In RotMG, all new characters (level 1) begin with the same character stats. Upon each level-up, these stats increase randomly; the most interesting of these is HP, which is increased by a uniformly-random value between 20 and 30 (inclusive). The end result is that all unpotted level 20 characters collectively have character stats that approximate a “bell curve” normal distribution.

For example, when you roll a single six-sided die, all six possible results are equally likely:

When you roll two six-sided dice and add their values, there are more ways to generate the numbers in the middle of the range of possible results. For example, there is only one way to generate the result of 2 (1+1) while there are six ways to generate the result of 7 (1+6, 2+5, 3+4, 4+3, 5+2, 6+1):

When you roll three six-sided dice, this effect continues: the numbers in the middle of the range become more likely and the numbers near the ends of the range become more uncommon. Here is the standard “3d6” statistical distribution that tabletop gamers all know and love:

Most of the results here fall into the range of 8-13, but very low results (3-4) and very high results (17-18) are still possible (but very uncommon).

We can further this effect by rolling even more dice.
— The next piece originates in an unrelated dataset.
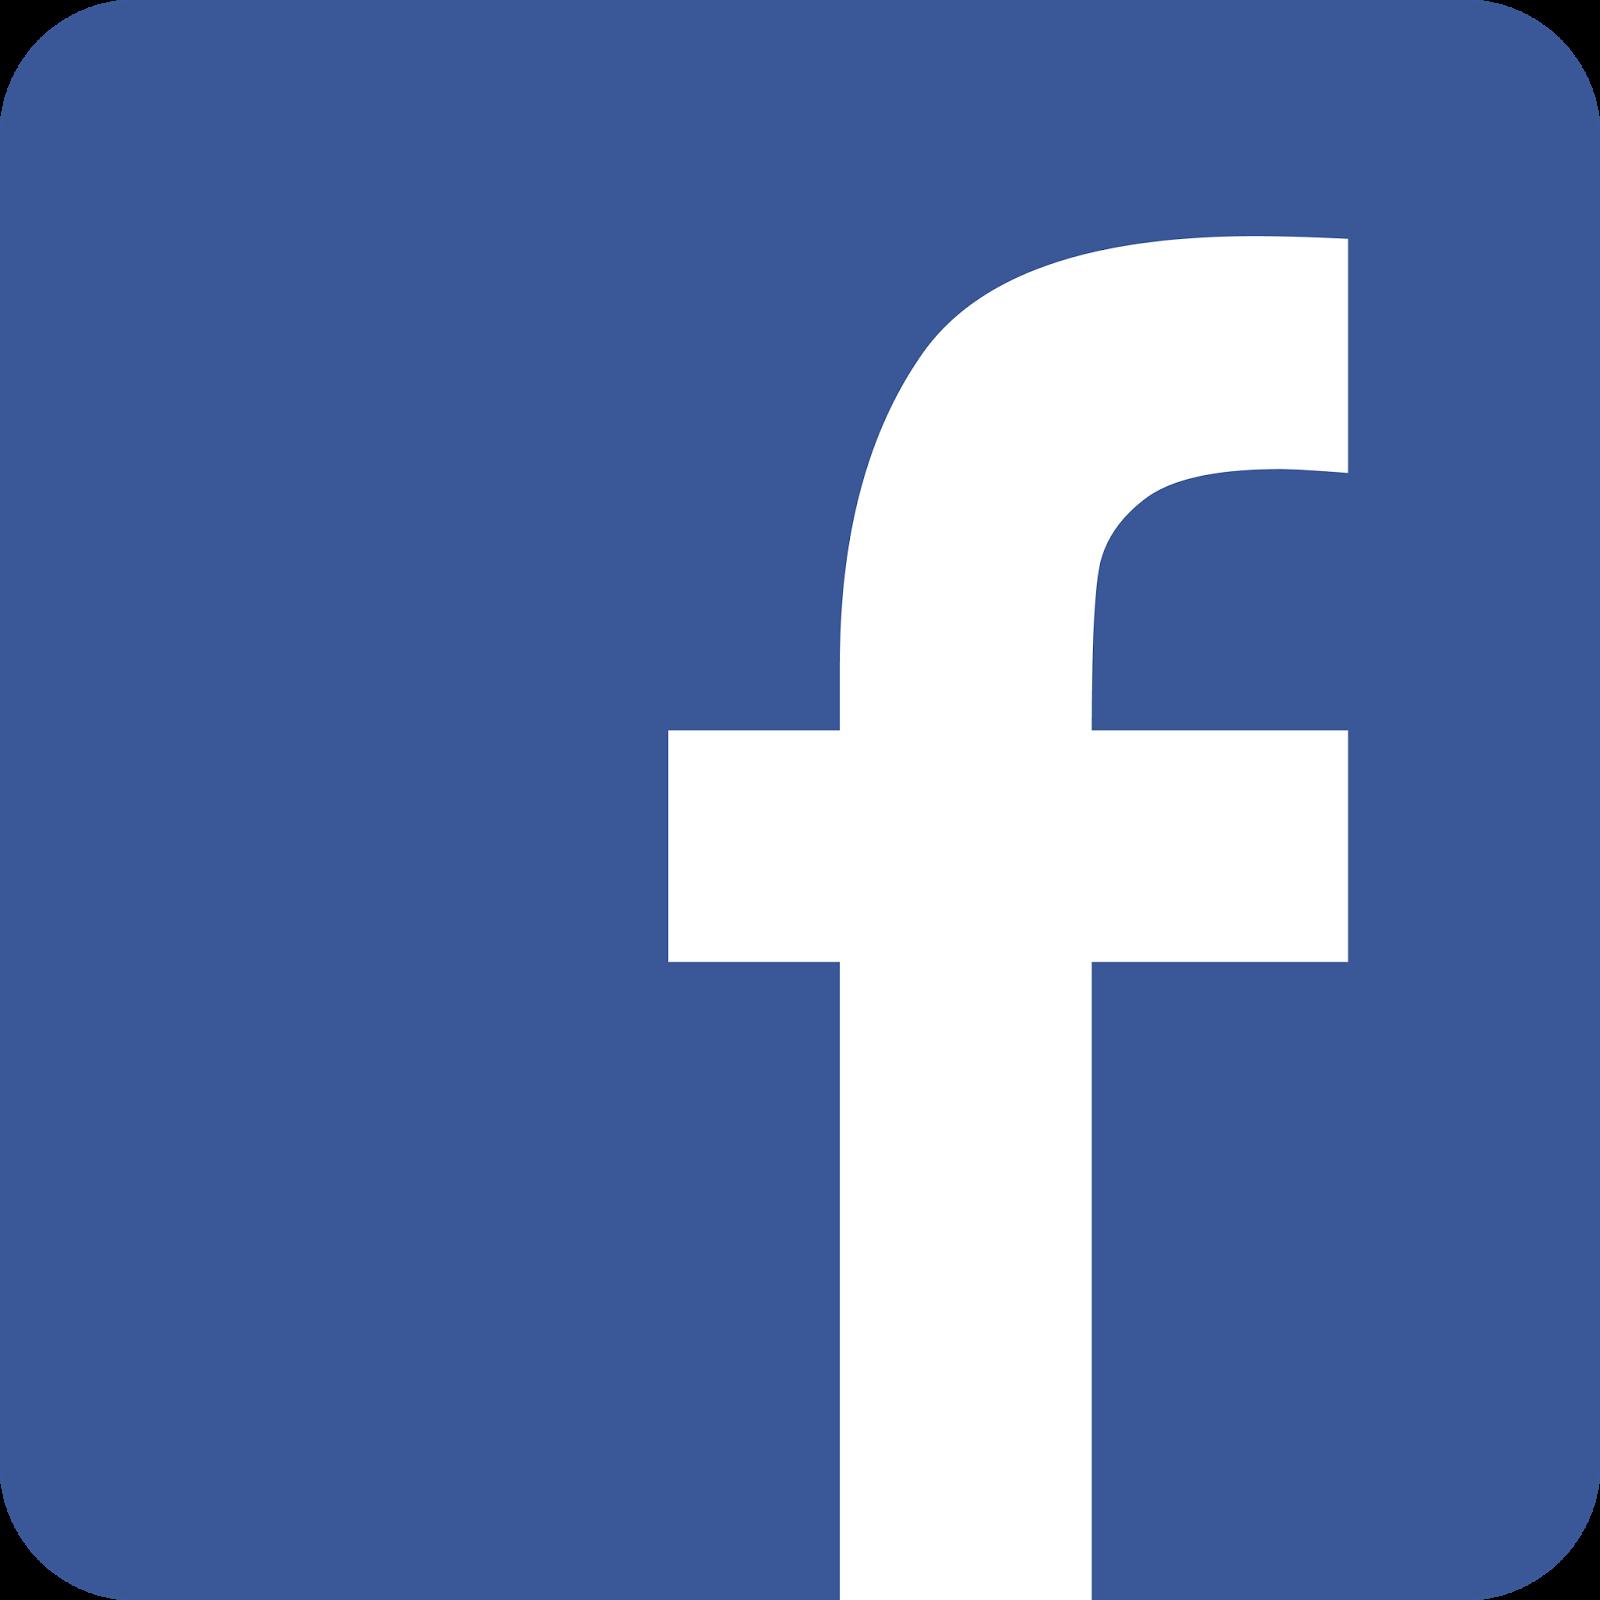 Facebook advertising consulting

What happens when we roll, say, twenty dice?

This is the classic “bell curve” shape of what is known in mathematics as the “normal distribution”. In this case, most of the results fall between 60 and 80, and very low (<40) or very high (>100) results, while theoretically possible, happen so infrequently that they practically never happen.

Applying This To RotMG: HP

Every time a RotMG character levels up, its HP increases by a random value between 20 and 30 (inclusive). We can interpret this as “the character’s HP always increases by 19, plus the value returned by rolling one 11-sided die”. Since a character levels up 19 times between lvl1 and lvl20, the character’s HP always increases by at least 361 (19*19), plus the value returned by rolling 19 11-sided dice:

This illustrates the distribution of HP rolls of unpotted lvl20 characters in RotMG (but shifted to the left, as this shows only the random component).

Statistical Modeling of Rolling Dice

When dealing with statistical distributions, there are three important terms that are relevant here. The mean of a statistical distribution is the “average” of all the possible results, accounting for frequency of each possible result. The standard deviation and the variance are both measures of how often random results will be close to the mean: distributions with small variances will have “tall” and “skinny” bell curves, while distributions with large variances will have “wide” and “short” bell curves. For example, compare the blue, red, and gold curves in the following diagram:

The variance and the standard deviation are related: the standard deviation is simply the square root of the [variance]. Working with standard deviations is often preferrable because it is in the same units as the distribution itself. In fact, 68.2% of all results will fall within one standard deviation away from the mean, 95.4% of all results will fall within two standard deviations, and so on:

Let’s apply this to rolling dice.

When rolling a single die, the mean is the sum of all possible values divided by the number of sides. For a six-sided die, the mean will be (1+2+3+4+5+6)/6 = 3.5

When rolling a single die, the variance is “the mean of the squares, minus the square of the mean”. For a six-sided die, the mean of the squares is (1+4+9+16+25+36)/6 = 15.166… and the square of the mean is (3.5*3.5) = 12.25, so the variance is (15.166…-12.25) = 2.9166…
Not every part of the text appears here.